We examined the genetic population structure of the endangered freshwater cyprinid Acheilognathus tabira tabira in the Japanese archipelago, which has only been analyzed in limited sampling in previous studies, based on cytochrome b region of the mitochondrial gene. We confirmed the existence of the same three lineages determined in the previous study, the natural distribution area of Lineage I and II+III were considered to be the Seto Inland Sea and Ise Bay regions, respectively. Furthermore, the Seto Inland Sea region population was divided into five groups inhabiting neighboring water systems using the spatial analysis of molecular variance (SAMOVA). We estimated that populations in the Seto Inland Sea region migrated through a single paleowater system during the last glacial period and were then separated and genetically differentiated due to marine transgression. The Yoshino River system population was estimated to be a non-native population because it belonged to the same group as the Lake Biwa-Yodo River system, which is the only separate water system across the Seto Inland Sea. This study provides new evidence of genetic differentiation in A. t. tabira populations within the Seto Inland Sea region, where genetic differentiation has not been detected in previous studies, corresponding to five different groups by significantly increasing the number of individuals and sites compared with previous studies. Therefore, we propose these five groups as conservation units in the Seto Inland Sea region.

Key words

Artificial introduction, biogeography, conservation, Cytochrome b, SAMOVA

Introduction

The distribution of many freshwater fishes of the Japanese archipelago has been strongly influenced by geomorphic changes such as uplift of mountains (e.g., Watanabe et al. 2017). In particular, western Japan, including the Ise Bay and Seto Inland Sea regions, was significantly affected by mountainous uplift and transgression during the Pleistocene (Ota et al. 2004; Machida et al. 2006). It is known that these geomorphic changes have caused populations of freshwater fish to become fragmented and genetically differentiated within localized areas (Watanabe et al. 2017). Previous phylogeographic and genetic population structure studies of freshwater fishes in these regions suggest that geological events, such as uplift of mountains and marine transgression that influence the distribution of freshwater fishes may differ among species (Kitagawa et al. 2001; Watanabe et al. 2010, 2014; Tominaga et al. 2016, 2020; Nakagawa et al. 2016; Ito et al. 2019; Ito and Koya 2022). Identifying the phylogeographic patterns and genetic population structure of each species inhabiting the same region is an effective approach to identify the factors shaping the genetic diversity of freshwater fish (Avise 2000).
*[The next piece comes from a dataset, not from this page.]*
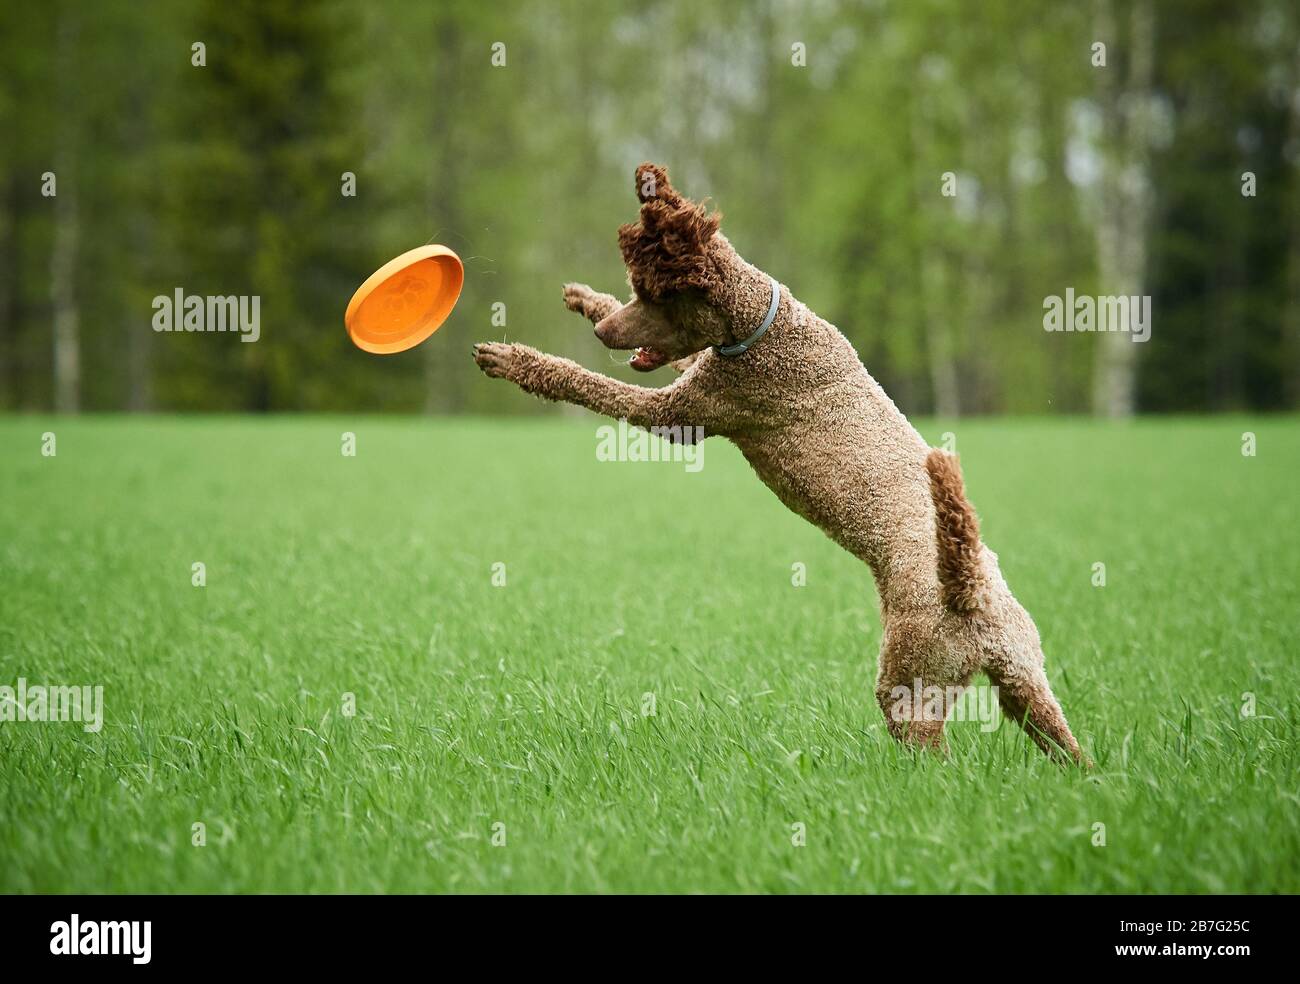 Braun standard poodle Laufen und Springen freudig auf einer Wiese

The tabira bitterling, Acheilognathus tabira Jordan & Thompson, 1914 (Cyprinidae: Acheilognathinae), is a freshwater fish endemic to Honshu, Japan. It has been classified into five subspecies, mainly due to their different nupital color patterns (Arai et al. 2007). Each subspecies has an allopatric distribution, differs in egg shape, and is clearly distinguishable by mitochondrial DNA (mtDNA) and nuclear DNA (Arai et al. 2007; Kitamura et al. 2012). Therefore, each subspecies is thought to have followed its own evolutionary path. The white tabira bitterling, Acheilognathus tabira tabira Jordan & Thompson, 1914, is a subspecies of A. tabira. The natural distribution range of A. t. tabira is the Ise Bay waters and the Seto Inland Sea regions on the Pacific side, with some rivers flowing into the Sea of Japan in western Japan (Kitamura and Uchiyama 2020). Previous phylogeographical studies of A. t. tabira have identified three lineages (Kitamura et al. 2012; Umemura et al. 2012), of which two are thought to be naturally distributed in the Ise Bay region (Nobi Plain groups I and II), and one lineage is thought to occur in the Seto Inland Sea region (Kinki-Sanyo group). However, the populations of the Seto Inland Sea region analyzed in previous studies were restricted to only two river systems; therefore, knowledge of the ranges of natural distribution in each lineage of A. t. tabira is incomplete.

In addition, A. t. tabira is listed as Endangered on the Red List of Japan because its population has been decreasing owing to improvements in rivers and agricultural canals (Ministry of the Environment of Japan 2020). However, the Kinki-Sanyo group has been artificially introduced into several regions as a result of incidental introductions associated with fishery releases of Plecoglossus altivelis altivelis (Temminck & Schlegel, 1846) and private releases, which raises concerns about the impact of genetic introgression on the native population of A. t. tabira (Umemura et al. 2012; Kumagai and Hagiwara 2013; Kitamura and Uchiyama 2020; Ito et al. 2021). In the Ise Bay region, the non-native lineage known as the Kinki-Sanyo group has been artificially introduced into the Nagara, Kiso, and Kushida Rivers, which are the natural distribution areas of the Nobi Plain Groups I and II (Kitamura et al. 2012; Umemura et al. 2012; Kitamura and Uchiyama 2020). Therefore, the native population of A. t. tabira in the Ise Bay region may have become extinct due to genetic introgression (Kitamura and Uchiyama 2020). In the Yoshino River system in northeastern Shikoku, located in the Seto Inland Sea region, the past freshwater fish fauna is unknown; therefore, it has been difficult to determine whether the population of A. t. tabira is naturally distributed or originated from artificial introduction (Kitamura and Uchiyama 2020). Phylogeographic patterns and genetic population structures can help identify whether the population is naturally distributed or originates from non-native populations (Miyake et al. 2011; Umemura et al. 2012; Matsuba et al. 2014; Uemura et al. 2018; Tominaga et al. 2020; Ito et al. 2021, 2022). Therefore, understanding the phylogeographic patterns and genetic population structure across the natural distribution of A. t. tabira is essential for promoting appropriate conservation activities.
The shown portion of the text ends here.